Fino Factories and California Soups (in ) was a Dutch-American food company that produced soup stock, chicken boullion, vegetable seasoning, and gravy base from 1928 until 2009. The ways in which the company employed its brands "Fino" and "California" changed with time and place.

History 
The Fino company was founded in Harderwijk, Netherlands in 1928 by Egbert J. Holtrust. The company employed the brands "Fino" and "California" differently based on location and various product designations changed over time as well. In the Netherlands, the Fino brand was used both for manufacturing and retail products from 1922 to 1973. After 1973, "Fino" only designated the factory whereas "California" was the brand used on the products. In 1952, Fino expanded into the United States, trademarking the brand name "California" for its US products. For the full duration of the company's operations into the United States, "Fino" always designated the manufacturing branch and "California" designated the company's retail brand.
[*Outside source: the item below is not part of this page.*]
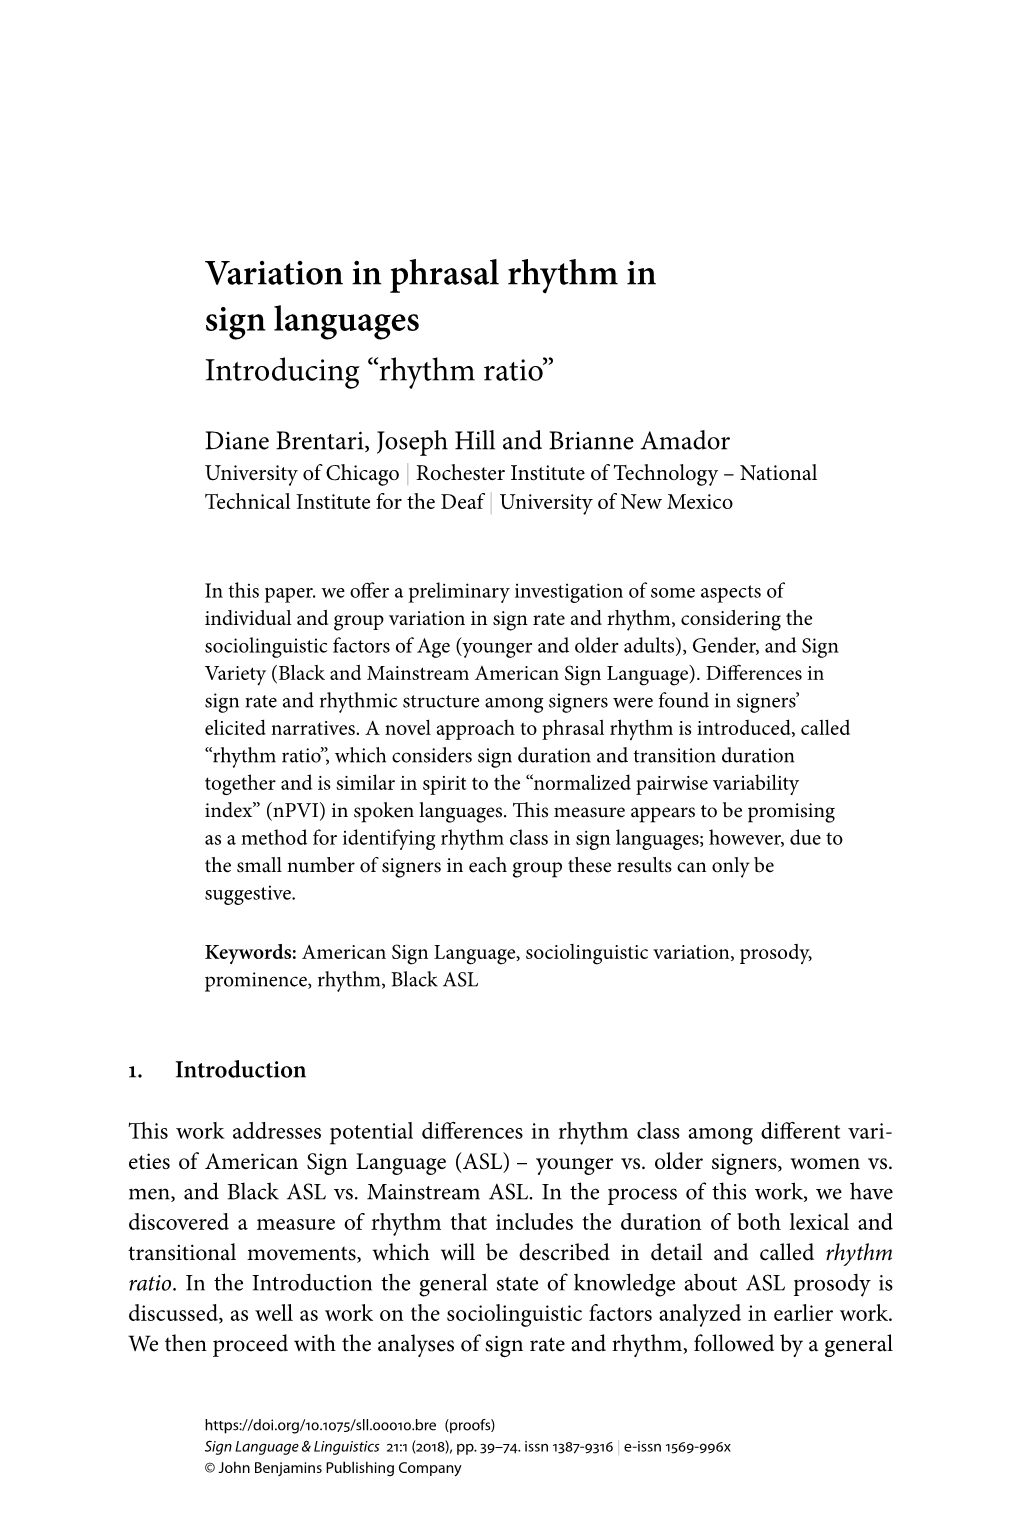 Brentari, Hill, & Amador: Variation in Phrasal Rhythm in Sign Languages

Throughout its history, Fino was registered as a naamloze vennootschap, which is a Dutch legal designation for a joint-stock company. In 1965, Organon International instigated a partial merge with Fino. In 1973, California became the primary name for all products produced in the Fino factory. In 2009, Struik Foods Europe purchased California Soepen and discontinued distribution of its former products.

Cookbooks 
Throughout its existence, the Fino company published several cookbooks with recipes advising how to best use their products. In 1941, for example, Fino published De Fino Kook-Gids: Met Verschillende Smakelijke Recepten (in English: The Fino Cooking Guide with Different Tasty Recipes). At this time, Fino had not yet expanded into the American market. In 1973, Fino published De Plezierige Keuken (in English: The Pleasant Kitchen).

Legacy 
The Fino company has been recognized for the role it played in the province of Gelderland during the Dutch Famine of 1944-45, commonly known as "the Hunger Winter." According to Dutch scholar Henri A. Van Der Zee, the Fino company fed "3000 people - a total of 150,000 people during the whole winter."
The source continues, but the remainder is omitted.